Chemical energy, that is, chemicals produced through an electrochemical reaction, can be transported and stored in large quantities, and can also be used as raw material in the chemical industry or as transport fuels.
A catalyst producing hydrocarbon is being developed through a combination of computational and experimental chemistry
The most useful chemical compounds storing energy, energy carriers, are different hydrocarbons produced in electrochemical reactions and hydrogen produced from water. The four-year USVA project led by the School of Chemical Engineering Professor Tanja Kallio focuses on developing new and effective electrocatalysts to convert carbon dioxide, a major cause of global warming, into hydrocarbon. The plan is to reach this goal by combining experimental and computational chemistry.
Kallio started studying the topic approximately one and a half years ago. The 870 000 euros funding granted by Jane and Aatos Erkko Foundation proves that the research topic is very important.
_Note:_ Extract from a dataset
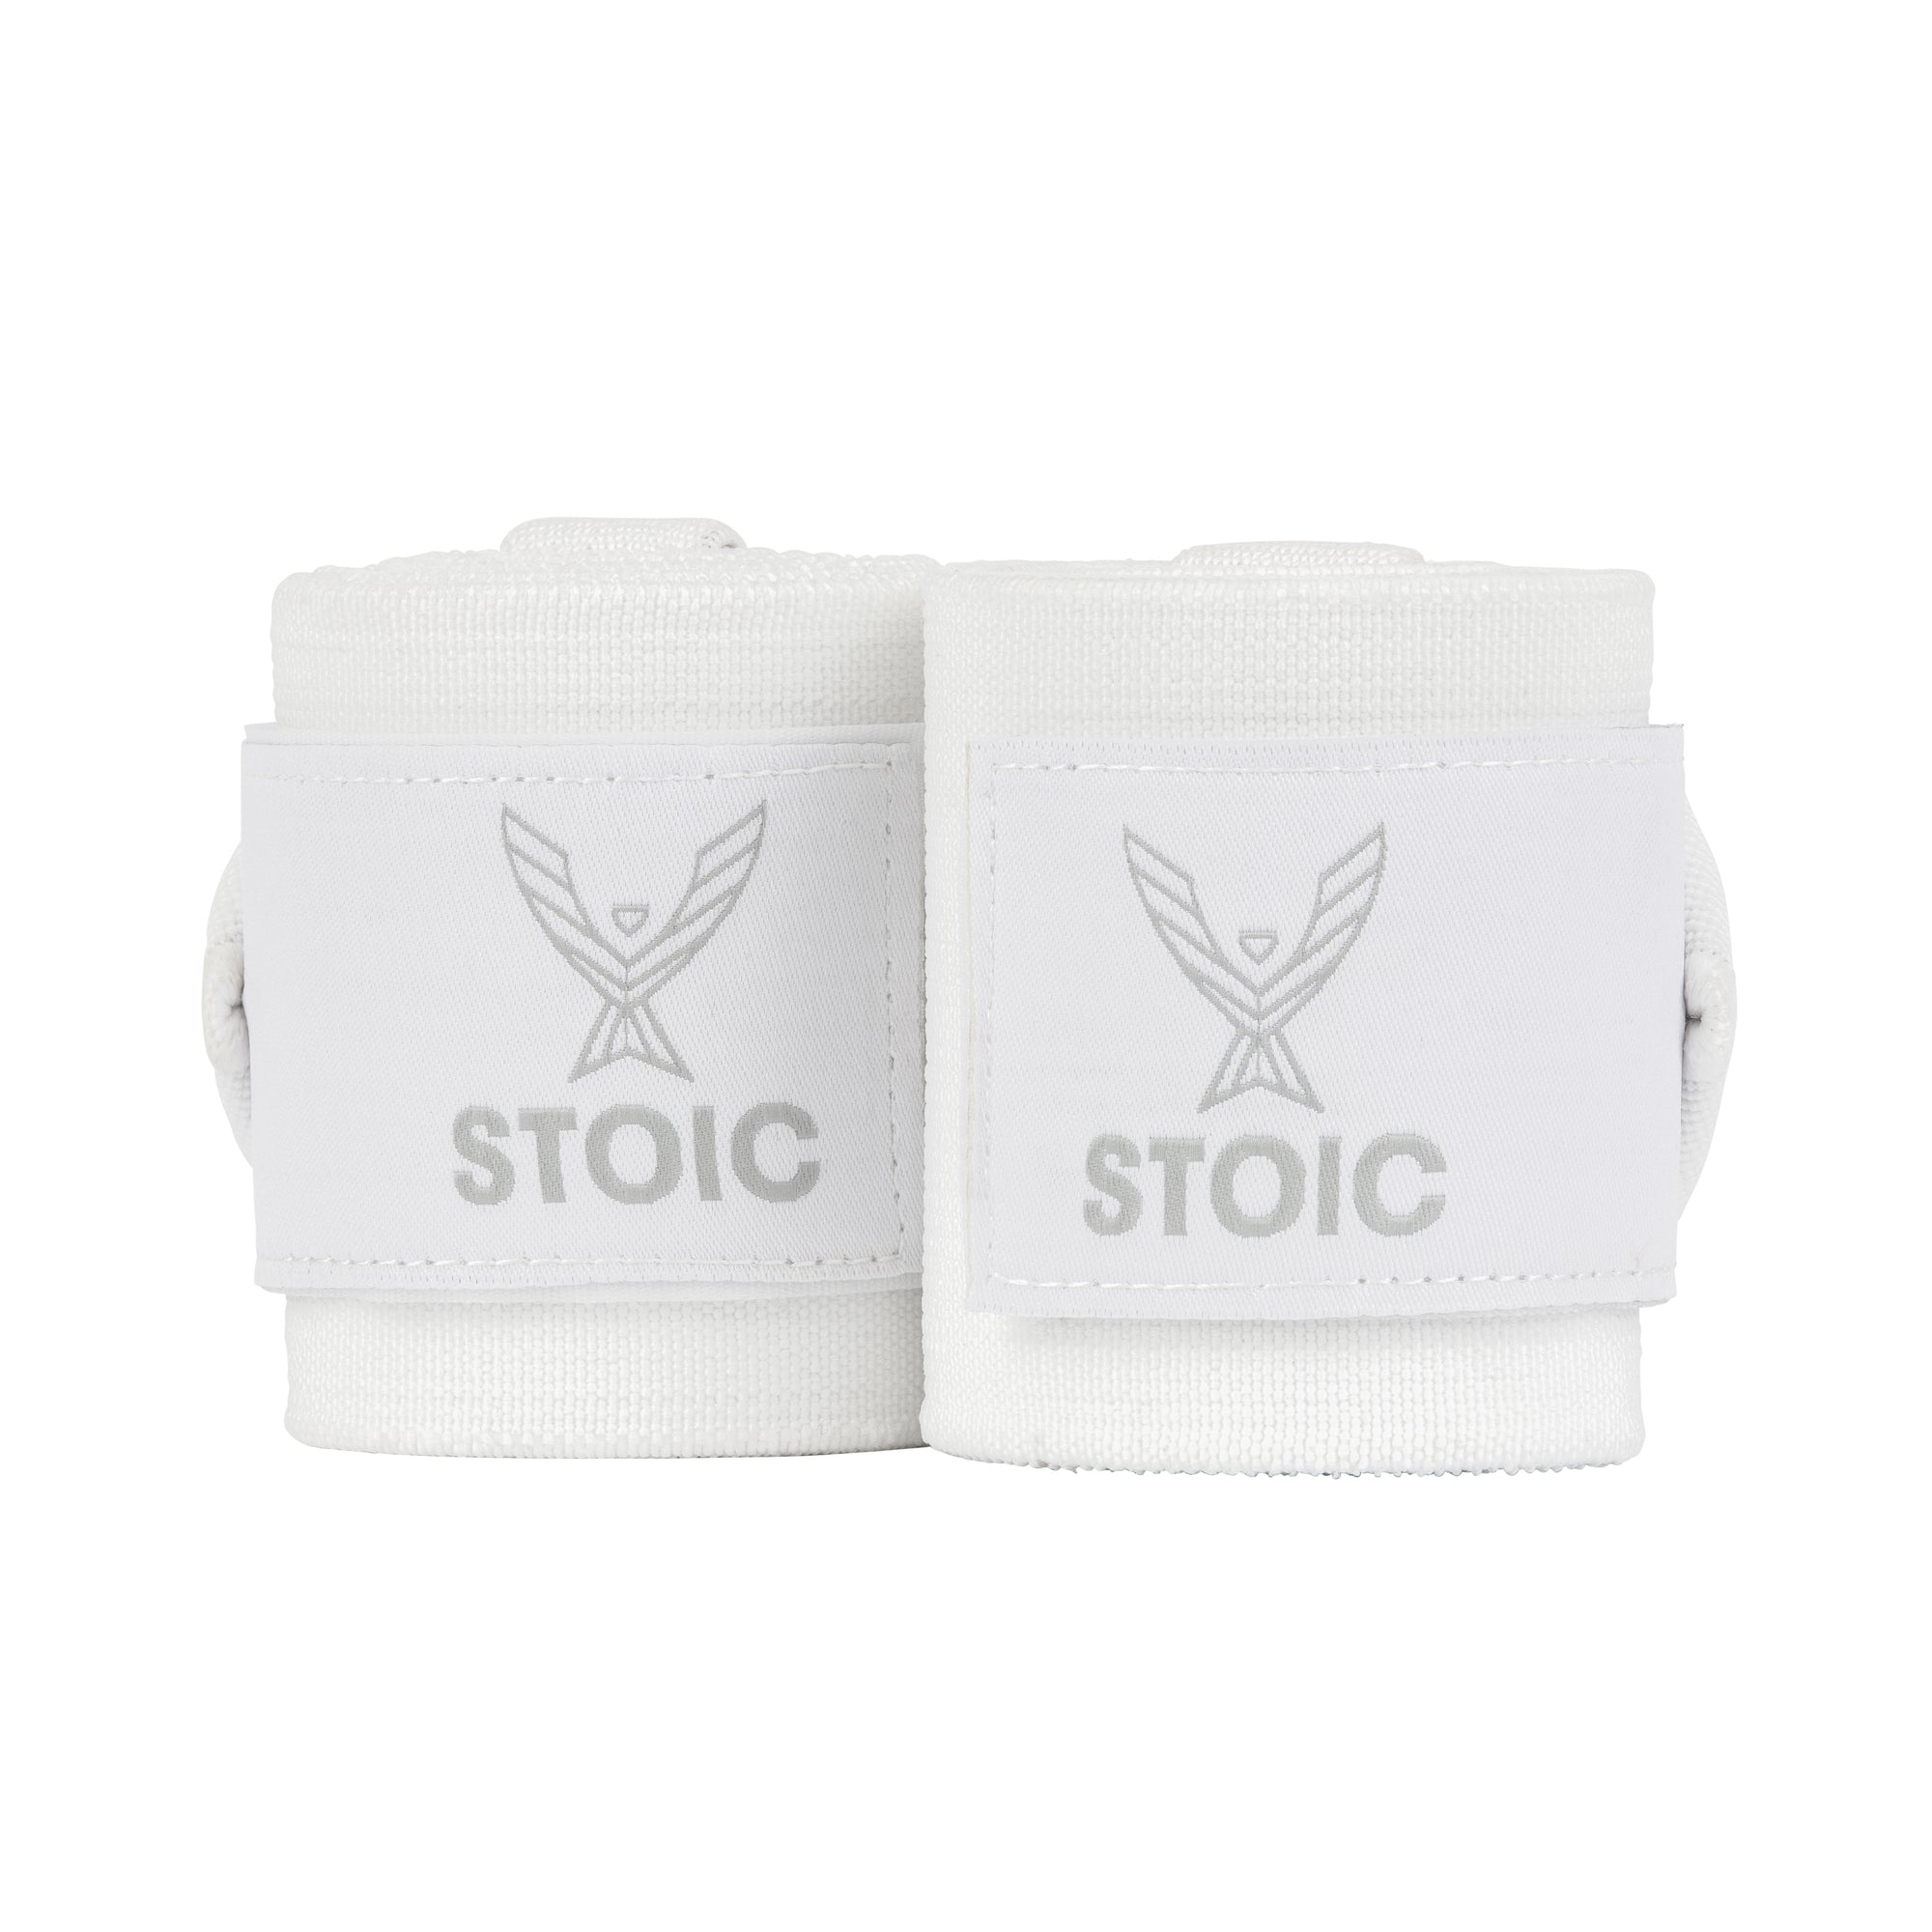 Stoic Wrist Wraps - White

“Electrochemical reactions converting carbon dioxide into other products still need more research and development”, Kallio says. “In particular, selectivity still needs to be developed in order to gain the desired compound instead of a range of different hydrocarbon mixtures.”
“Carbon dioxide, in itself, is a very stable molecule. A catalyst plays a big role in activating carbon dioxide so that it reacts and turns into other compounds. The purpose of our experimental research is to develop new types of catalyst materials or combine the ones we have previously developed in a new way. Here in Aalto, we have a lot of potential for this. We have expertise in the production of new types of nanomaterials, and we have access to great technologies, such as atomic layer disposition (ALD) for the production of tailored structures. These could be useful in the development of catalysts.”
Professor Kari Laasonen’s research group uses computational chemistry in the USVA project in order to understand why catalysis either works or does not work.
“Our aim is to understand the electrochemical reaction mechanism in great detail, in order to enhance its efficiency and selectivity. Our final goal is to learn how to direct these reactions, but this is very challenging”, Laasonen says.
Promoters of science, research and art
Aalto University and the Jane and Aatos Erkko Foundation have common goals: both aim at promoting high-quality science, research and art. In 2017, the foundation granted Aalto University 3 million euros for its fundraising campaign and 300 000 euros for a new professorship in technology education. In recent years, Aalto University researchers have received almost 4 million euros of funding from the Future Makers programme funded by the Jane and Aatos Erkko Foundation in cooperation with the Technology Industries of Finland Centennial Foundation. The programme provides support for research openings that facilitate the renewal of society.